Assignment — From top to bottom, print the listing word for word and skip any pictures it contains.

Provided data —
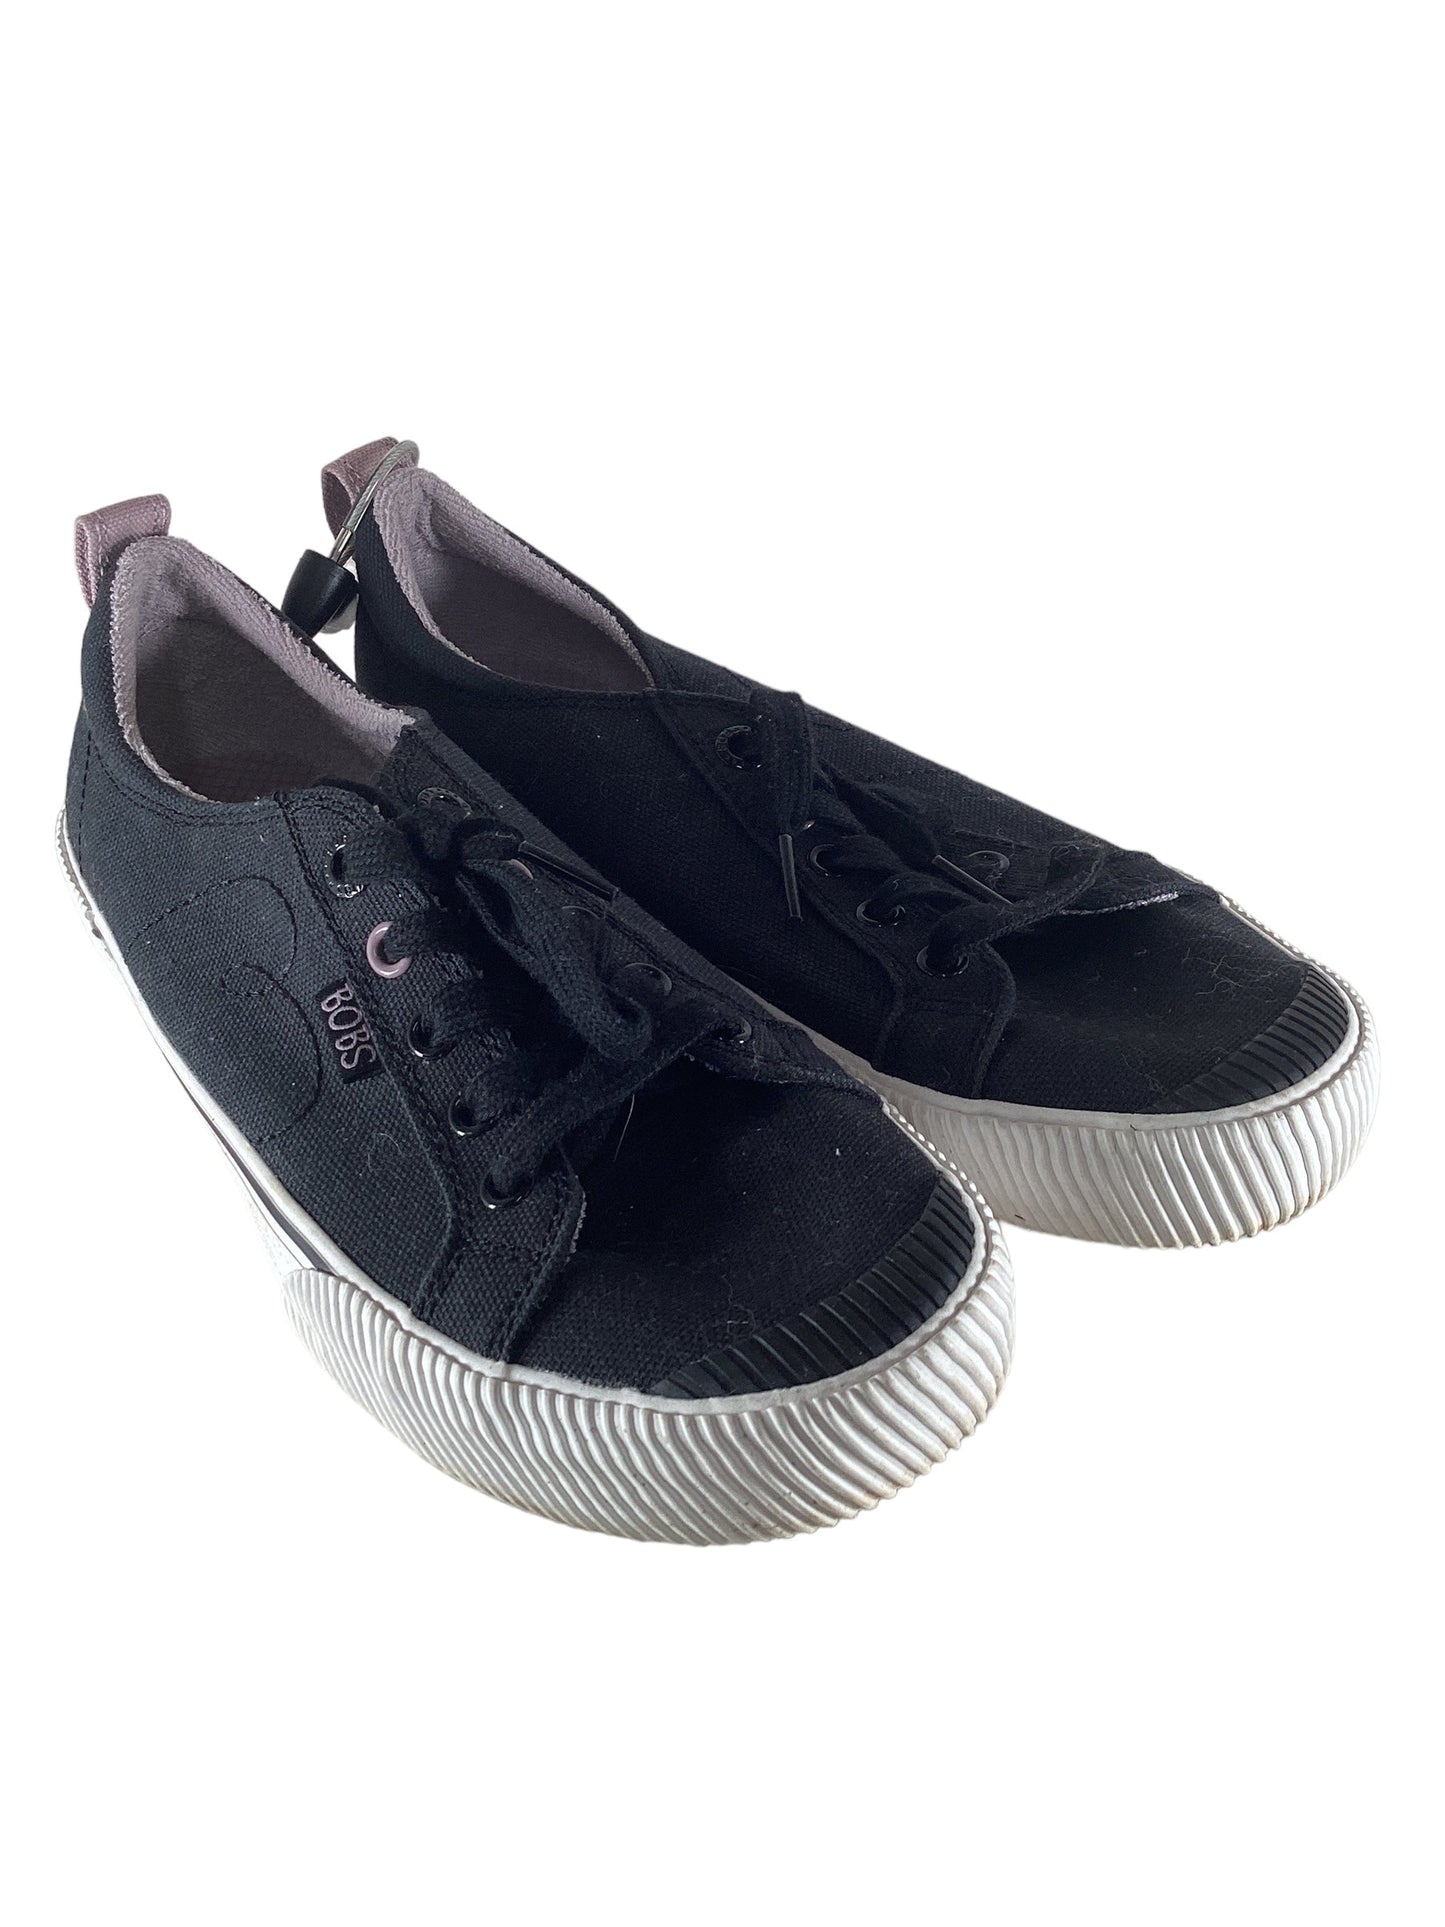 Black Shoes Sneakers Bobs, Size 8
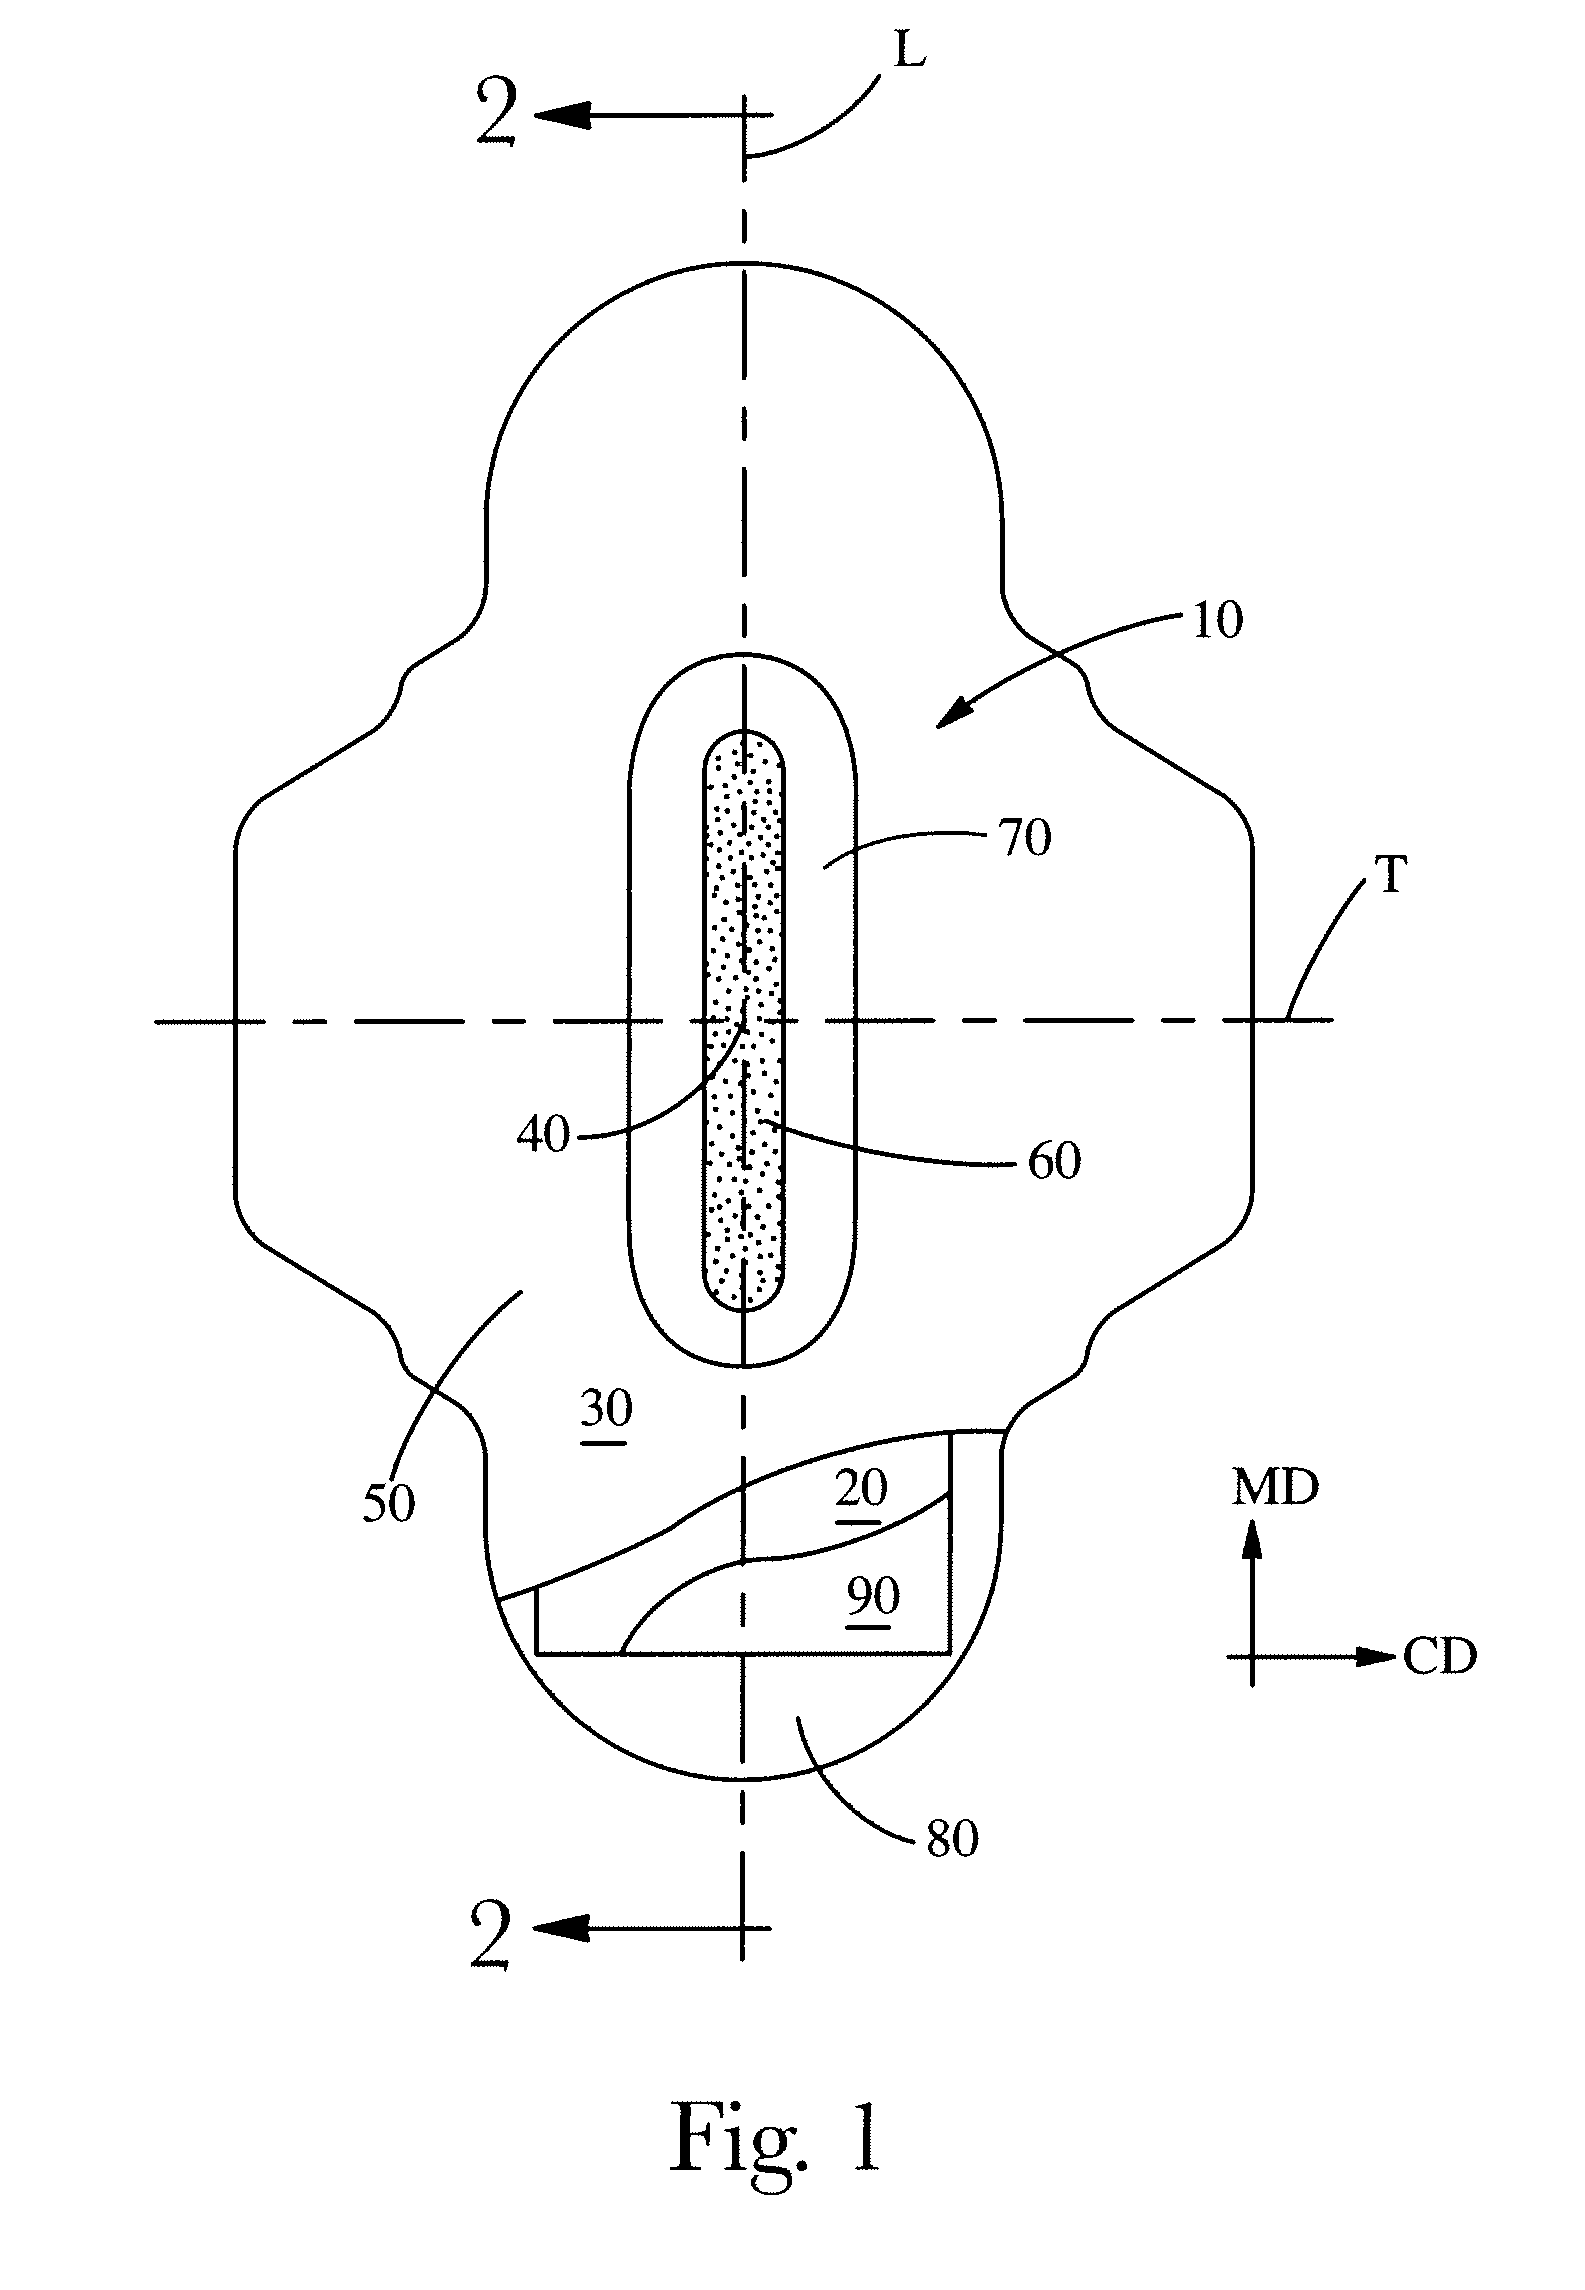 Method of producing color change in overlapping layers
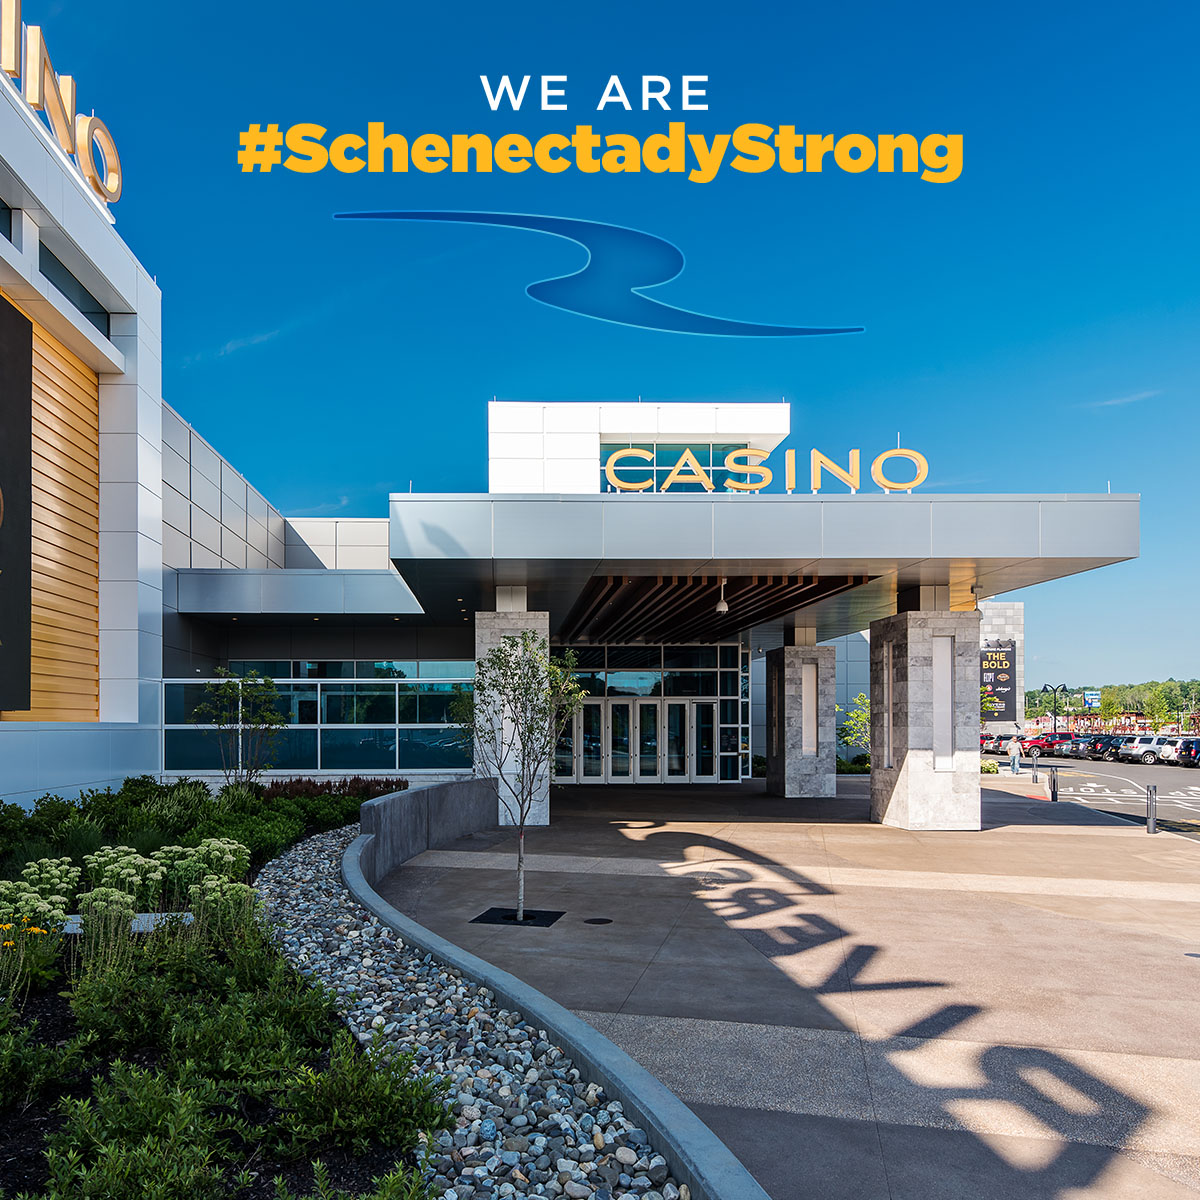 rivers casino events schenectady

Problem solution —
 Black Shoes Sneakers Bobs, Size 8
 Method of producing color change in overlapping layers
 rivers casino events schenectady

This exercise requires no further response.